Clint Slate se présente comme étant: "une page blanche, une ardoise effacée où les compteurs sont remis à zéro". Sous ce nouveau pseudonyme se cache en réalité Gregg Michel, membre de The Sunchase ayant également déjà sévi en solo sous le patronyme de Gregg M. Avec "Before The Dark", le chanteur et multi-instrumentiste propose une œuvre personnelle, voire intimiste, pour laquelle il ne partage l'interprétation qu'avec de rares invités. Cet album est également l'occasion d'une présentation dans un packaging élaboré avec Christophe Castejon, pendant visuel des 12 titres proposés, pour un ensemble à la fausse simplicité qui pourra même se révéler relativement hermétique pour certains adeptes de plaisirs immédiats.

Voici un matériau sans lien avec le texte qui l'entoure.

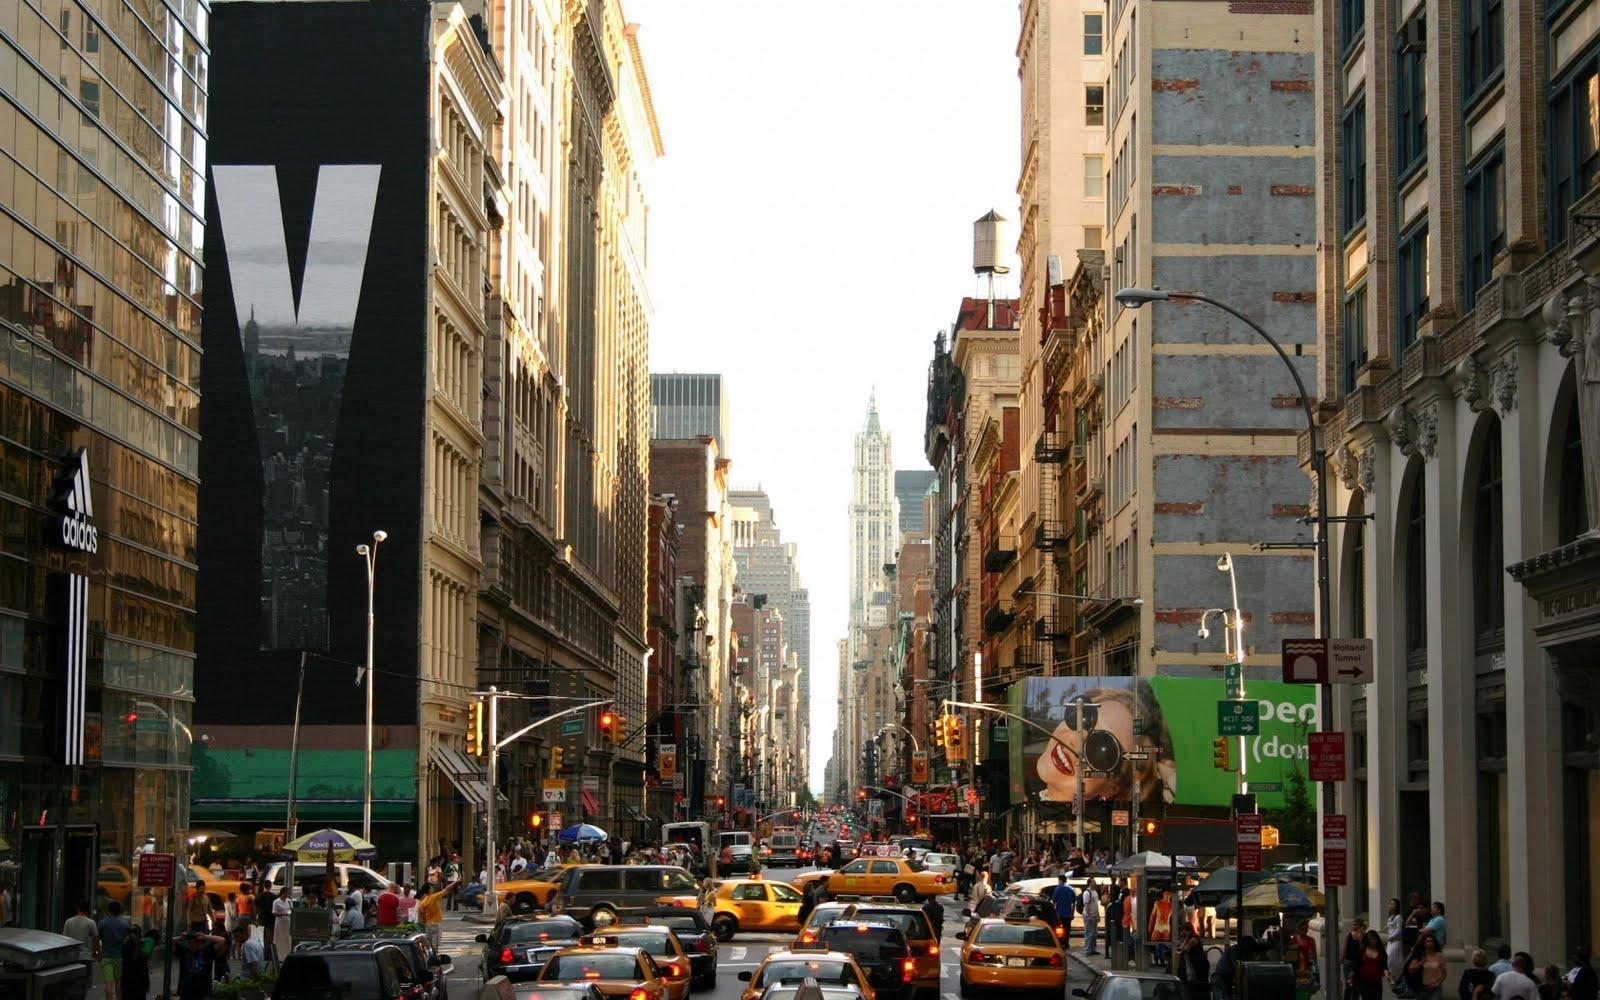 http://1.bp.blogspot.com/-FVJX2HvUqbI/TsNryJJbRMI/AAAAAAAAAeg/c4RokqxnGJ8/s1600/new-york-streets%2528www.TheWallpapers.org%2529-1680x1050.jpg

Lancé par le diaphane 'Slave', cet opus fait la part belle à la douceur et à la délicatesse avec l'utilisation de l'acoustique à de nombreuses reprises. Pourtant, dès 'Til Death (Do Us Part)', la musique de Clint Slate révèle sa richesse au travers d'une montée en intensité conduisant d'une introduction à la triste légèreté vers un final traduisant un désespoir déchirant. Ce sentiment est d'ailleurs mis en valeur par un chant qui n'est pas sans rappeler celui de Bono (U2), d'autant que l'anglais y est impeccable, chose rare chez de nombreux artistes français. La voix et la guitare se partagent d'ailleurs l'essentiel du paysage sonore, sans que celui-ci soit pour autant trop dépouillée.
C'est ainsi que le talentueux Eric McFadden vient poser ses lignes d'une guitare hispanisante sur le blues-folk de 'Harder'. Plus surprenante est l'intervention de l'acteur comique Kyan Khojandi ("Bref") au violon alto sur le délicat 'Sleep' aux allures de berceuse. Quant au grave et sombre 'Chaos - Order', il se voit renforcé par une voix féminine dont les chœurs dialoguent avec le chant lead sur un final vers lequel nous a amenés une nouvelle montée en intensité. Bien que l'ensemble baigne dans une mélancolie générale, il évite cependant une trop grande linéarité en incluant quelques titres plus légers ('Wish', 'Rules Of Intimacy'), voire cinglants ('After The End' et son chant torturé), sans oublier un 'Over God's Shoulder' aux chœurs obsédants.
Prenant fin sur l'envoûtant 'Endless Summer Day', cet album se révèle un voyage à la fois introspectif et imaginaire, alternant les moments de souffrance intime et les évocations de paysages défilant le long du chemin parcouru avec son auteur. L'ombre qu'il annonce ne semble finalement pas être une fatalité et les quelques rayons de lumière qu'il laisse passer illuminent des espoirs auxquels il est tentant de s'accrocher. "Before The Dark" propose donc un surprenant assortiment entre simplicité musicale et complexité sentimentale aux travers de titres qui rendent sa découverte énigmatique et difficilement pénétrable à qui ne prendra pas le risque de s'y abîmer.